Of course, this suits the regime quite well. They want us to disengage. My suggestion to the GOP is to out-disengage the disengagers. Become fortress America. We can eat. We can produce our own oil -- albeit a little more expensively. We can build cheap, safe, clean, low-waste nuclear power plants using thorium. We can mine our own rare-earth minerals. Seal the borders, put up a tariff wall, and put unskilled Americans back to work. Tell Europe, Asia, and the Middle East that they free to work it out amongst themselves. We are busy. We have to wash our hair.
Excellent analysis, Mush.
ReplyDeleteI concur, if we ain't gonna allow our troops to win, we shouldn't be sending them to an undeclared war.
Especially with the idiotic ROE they must deal with.
Unfortunately, I don't think the majority of Americans will have the will to win any wars until (maybe) it gets really bad.
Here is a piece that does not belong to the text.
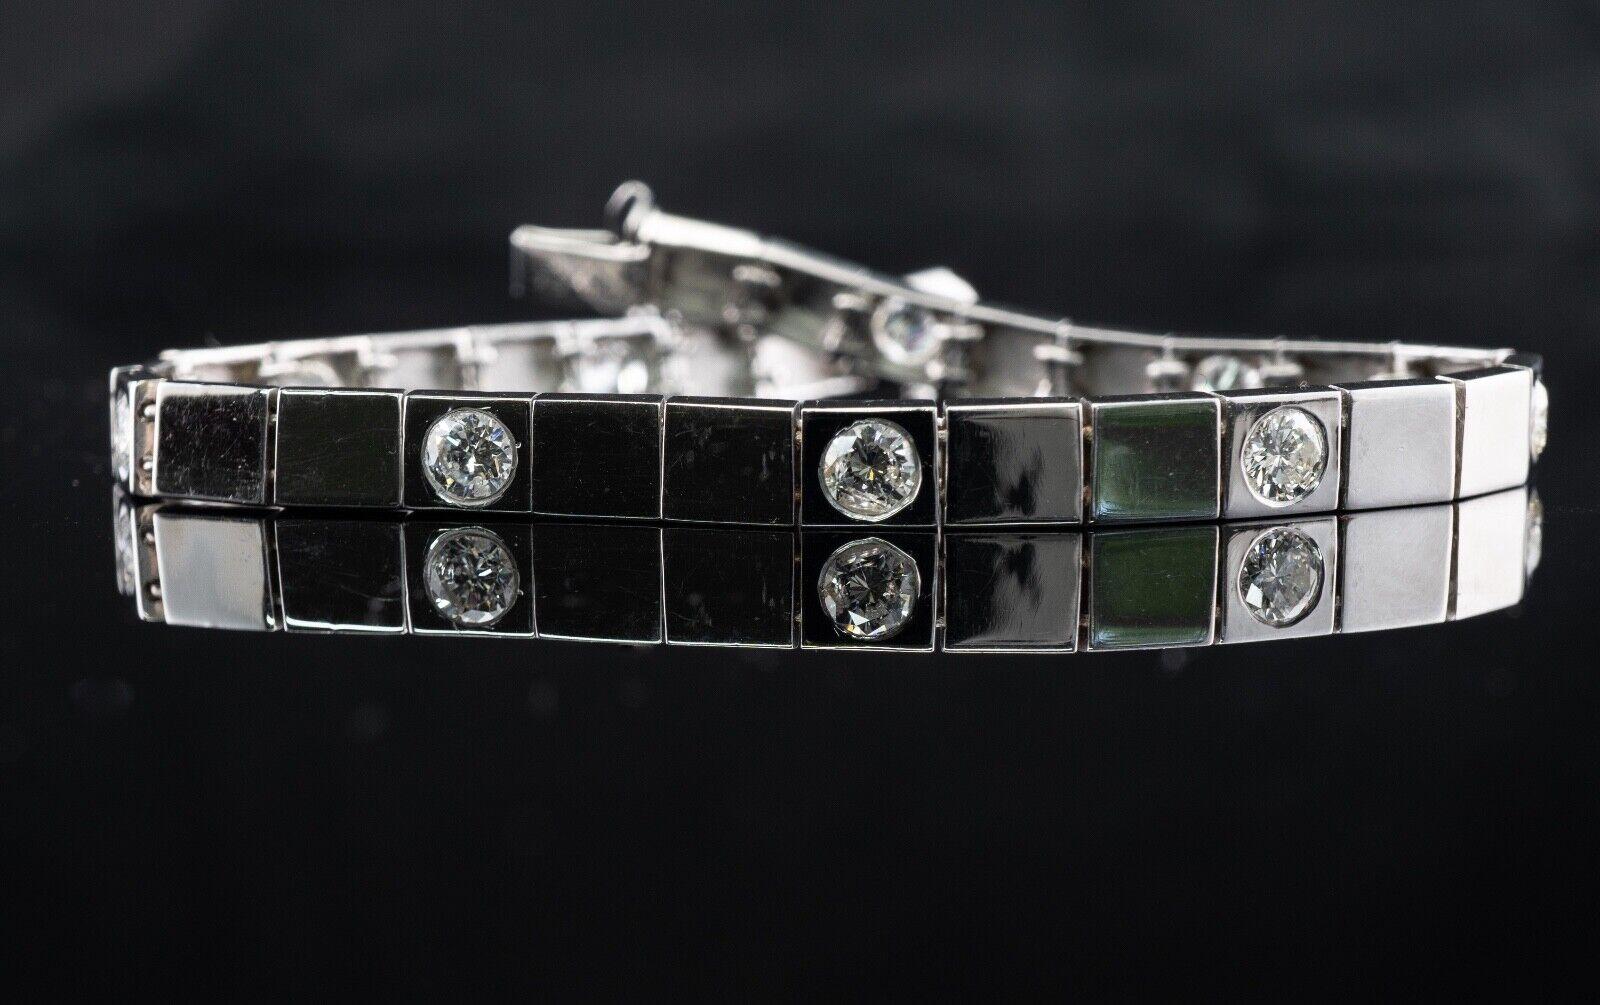 Diamond Bracelet 14K White Gold Link 2.70 TDW

This estate solid 14K White Gold bracelet is set with nine white and fiery round brilliant cut diamonds. The diamonds are SI2 clarity and HI color. The total weight is 2.70 carats. The bracelet has a

And since most don't even have the will to do what's necessary to defend ourselves (profiling and sealing our borders) more bad things are gonna happen, particularly from Islamic terrorists.
Israel understands the threat more than we do and they still get attacked.
Mostly because our radical Islam-loving Dunce in chief supports the radical Islam-loving Palistinians and Muslim Brotherhood, and his lack of will to do anything about Iran.
So yeah, it will get worse for us and our allies, which President Narcissist doesn't care about anyway.
I don't expect much if anything from our current GOP leadership, since they fold at the slightest bit of pressure.
If we do end up with a republican President in 2016, I hope it's someone who can rise to the occasion, because he will hafta repair the damage Obama has caused, here and abroad, with a hostile media nipping at him constantly.
It's looking a lot like the late 1930's again, and we willhave a lot more Pearl Harbors and 9/11's before the majority of Amercans wake up. Or hopefully wake up.
Yes, we just are not seen as serious. I'm sure you remember how people thought Reagan was crazy, perhaps including the Soviets. But they knew he meant business.